Source: The post is based on an article “Centre must welcome chin refugees with open arms, Mizoram is already doing so” published in the Indian Express on 19th July 2022.
Syllabus: GS 3 Internal Security,
Relevance: India’s refugee policy
News; In recent years, Human Rights Watch (HRW) has accused Myanmar’s Tatmadaw, a junta regime of perpetrating “crimes against humanity”. The rule has led to displacement of half a million Myanmar’s people within the country and forcing more than 50,000 ethnic Chin and others to seek refuge outside.
What were the issues in front of the Indian government on account of the Chin people influx into India?
There has been an unprecedented divergence between the Indian government and the Mizoram state government. The Centre has adopted a security-centric approach and the Mizoram government has adopted a people-centred focus.
What is the Centre’s perspective on refugees?
The Chin refugees are not refugees who have simply run away to save their lives. They are rebels who have opted to go into self-exile and continue to extend support to the People’s Defence Forces (PDF) and other anti-Tatmadaw militias like the Chin Defence Force and the Chin National Army. Therefore, MHA advised the state government to stay alert and take appropriate action to prevent a possible influx into Indian territory.
The Centre directed the North-eastern states bordering Myanmar that they do not have powers to grant “refugee status to any foreigner”.
What is the state government’s perspective on refugees?
The Mizoram government has defied the Ministry of Home Affairs (MHA) orders to “detect and deport the refugees”. The Mizoram state has extended a warm welcome to everybody wanting to come and decided to take Chin refugees. Simultaneously, the state government has also strongly communicated to the Central government that it cannot be “indifferent” to its concerns.
What were the issues in the Centre’s decision of not to grant asylum?
The Central government has denied asylum to the Chin people on the ground of India’s non-ratification of the 1951 UN Convention on the Status of Refugees and also its 1967 Protocol.
However, not being a party to the Convention does not prevent any state from granting asylum to the asylum seeker.
Moreover, even non-signatories are bound under customary international law to follow the principle of non-refoulment that protects the rights of asylum seekers not to be deported or pushed back to the country they have fled to escape violence in the first place.
What are the reasons behind the Mizoram government’s move to allow refugee status?
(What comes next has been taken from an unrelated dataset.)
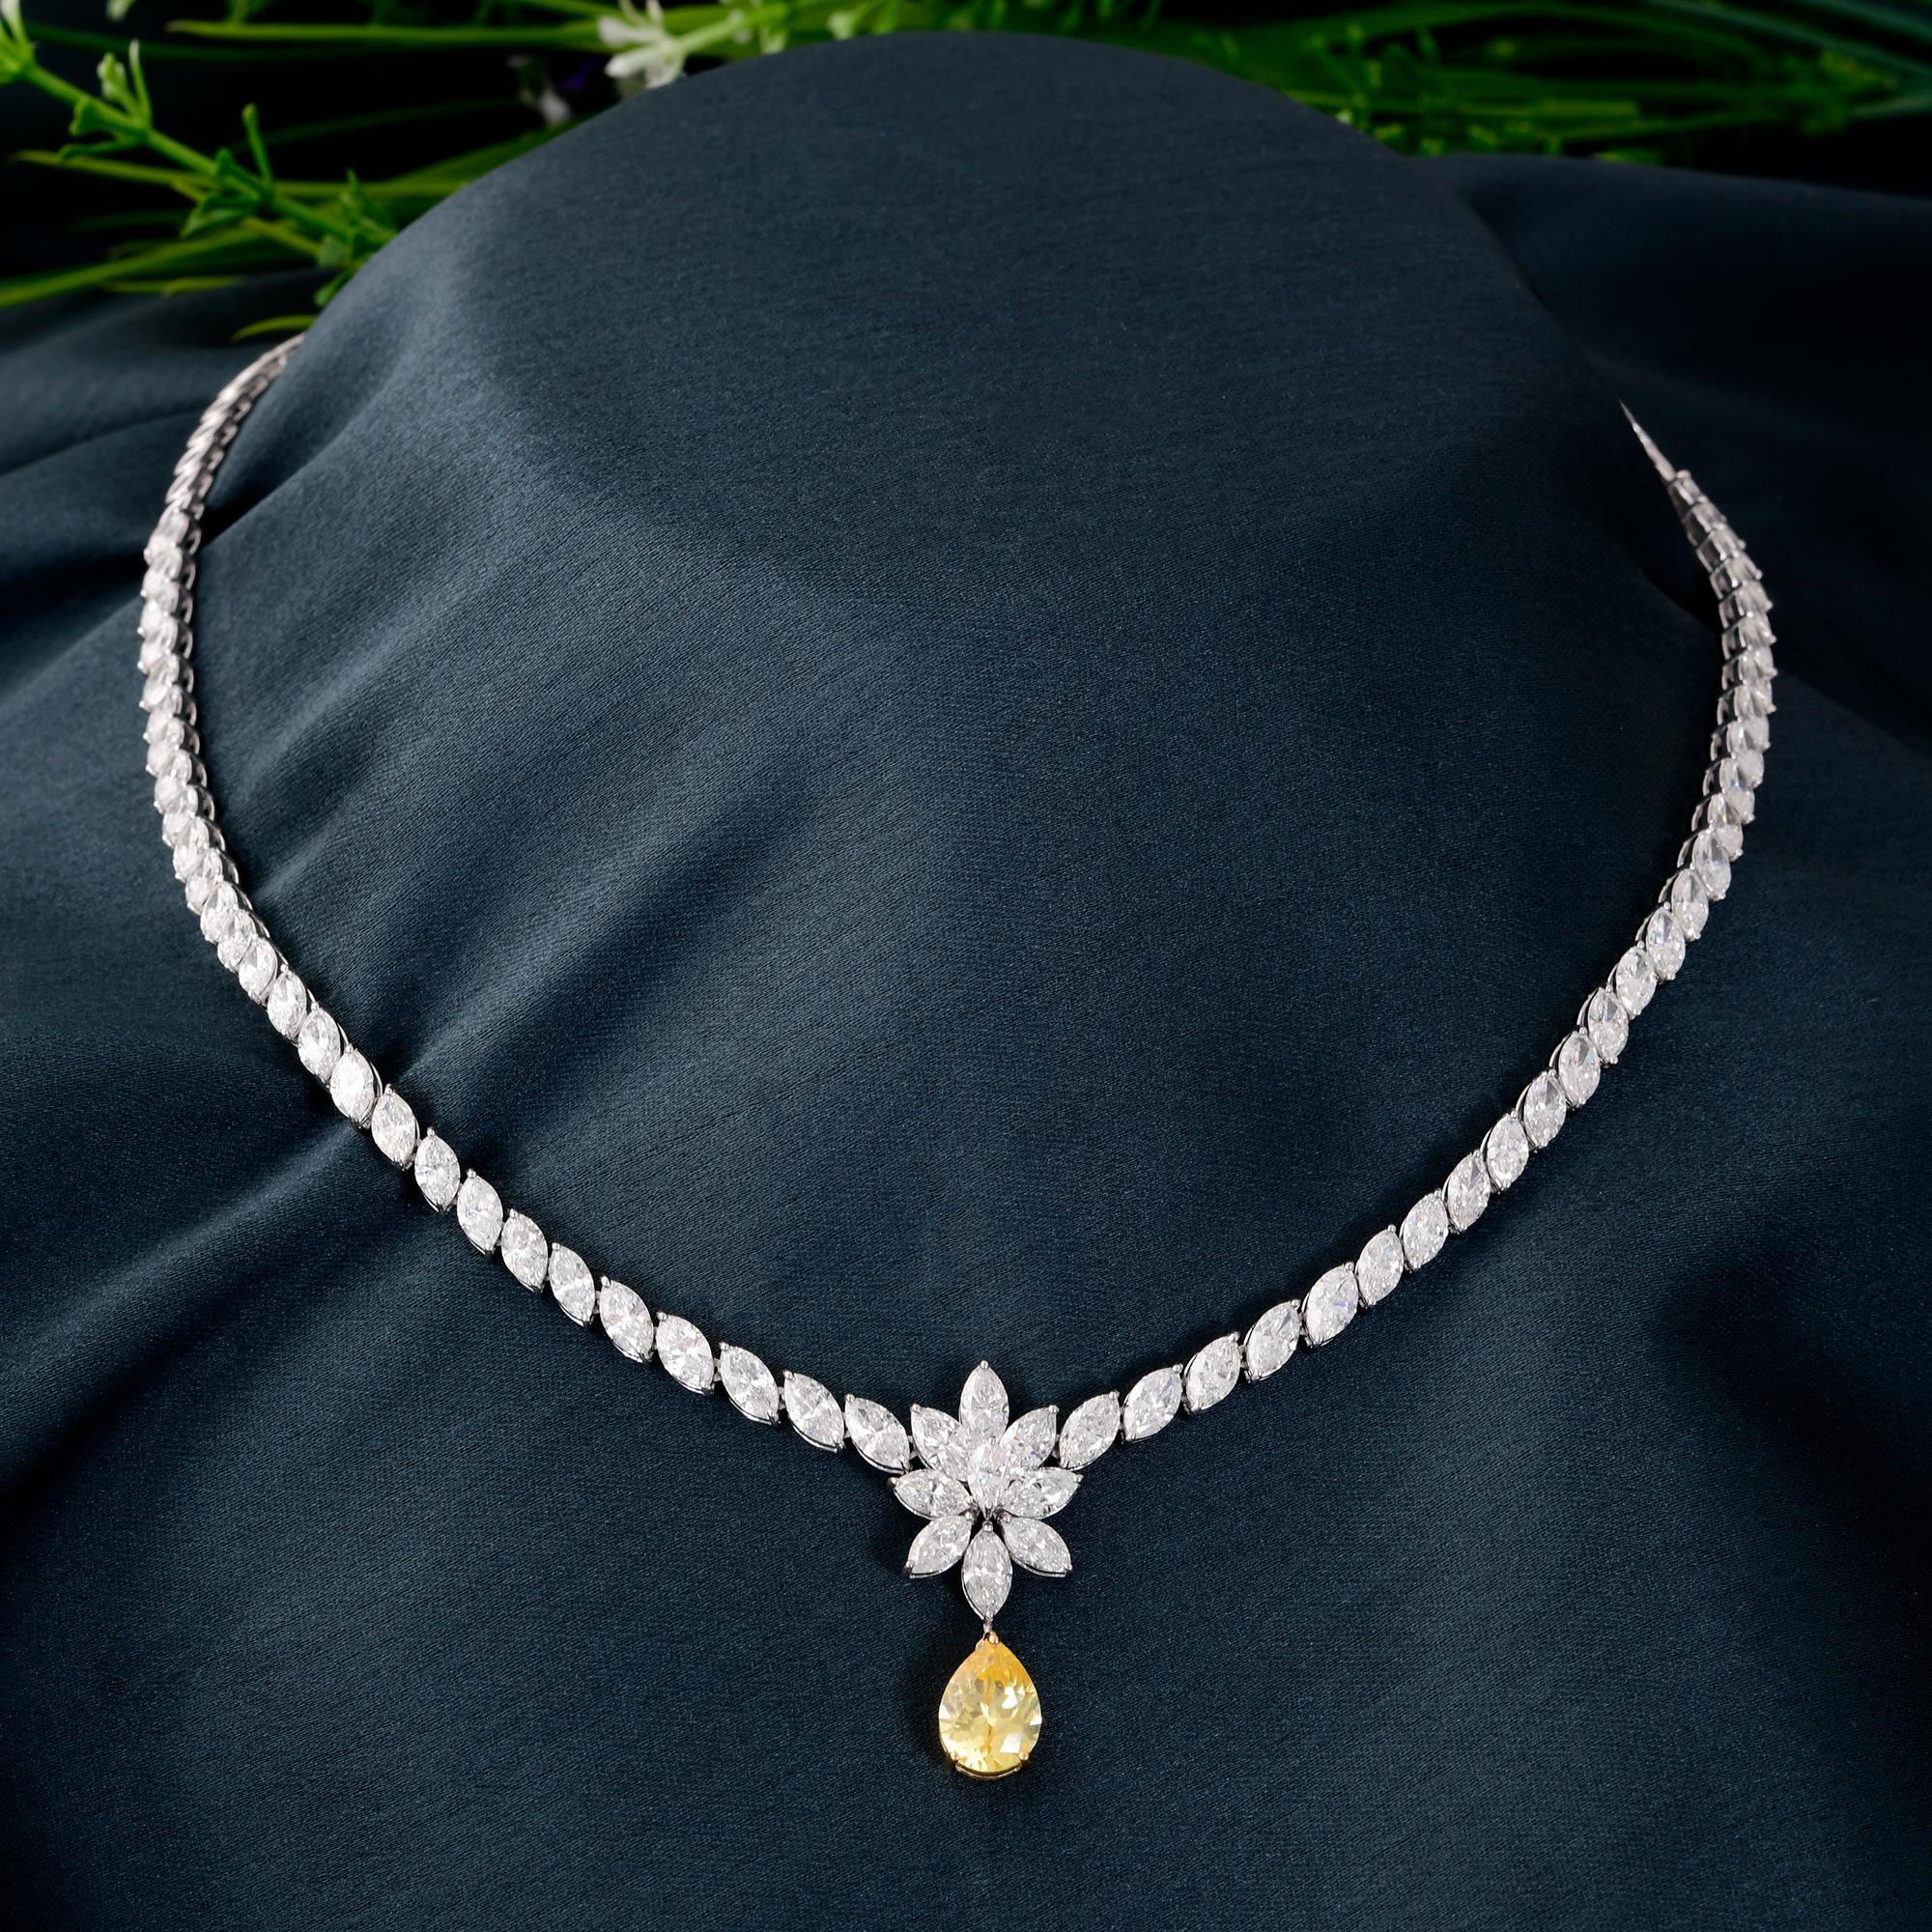 Marquise Cut Pear Gemstone Necklace Marquise Diamond 14 Karat White Gold Handmade Jewelry For Sale

Both Mizo and Chin communities share a common history. There are unique social-political realities between the two people at the India-Myanmar international border.
Both come from the same larger Zo tribe, therefore share a strong ethnic bond predating India’s Independence.
Both communities are bound together by a common religion, i.e., both are predominantly Christians.
There is a Free Movement Regime (FMR) 2018 between India and Myanmar that allows both communities on either side to go up to 16 km on the other side and stay up to 14 days. Therefore, border landers routinely cross over on either side for trade in essential commodities, work, cross-border marriages, and as a result to meet relatives.
There is a history of mutual empathy and solidarity between the Mizos and the Chins. The Chin people have extended support and sanctuary to the members of the Mizo National Front. Similarly, during the 1988 pro-democracy movement in Myanmar, the Mizos extended a helping hand to the Chins who were subjected to brutal repression at the hands of the junta regime
The Way Forward
The Centre should recalibrate its policy toward the refugees and their hosts. It should grant refugee status to the Chin people. Further, it should help the state government to sustain the relief work.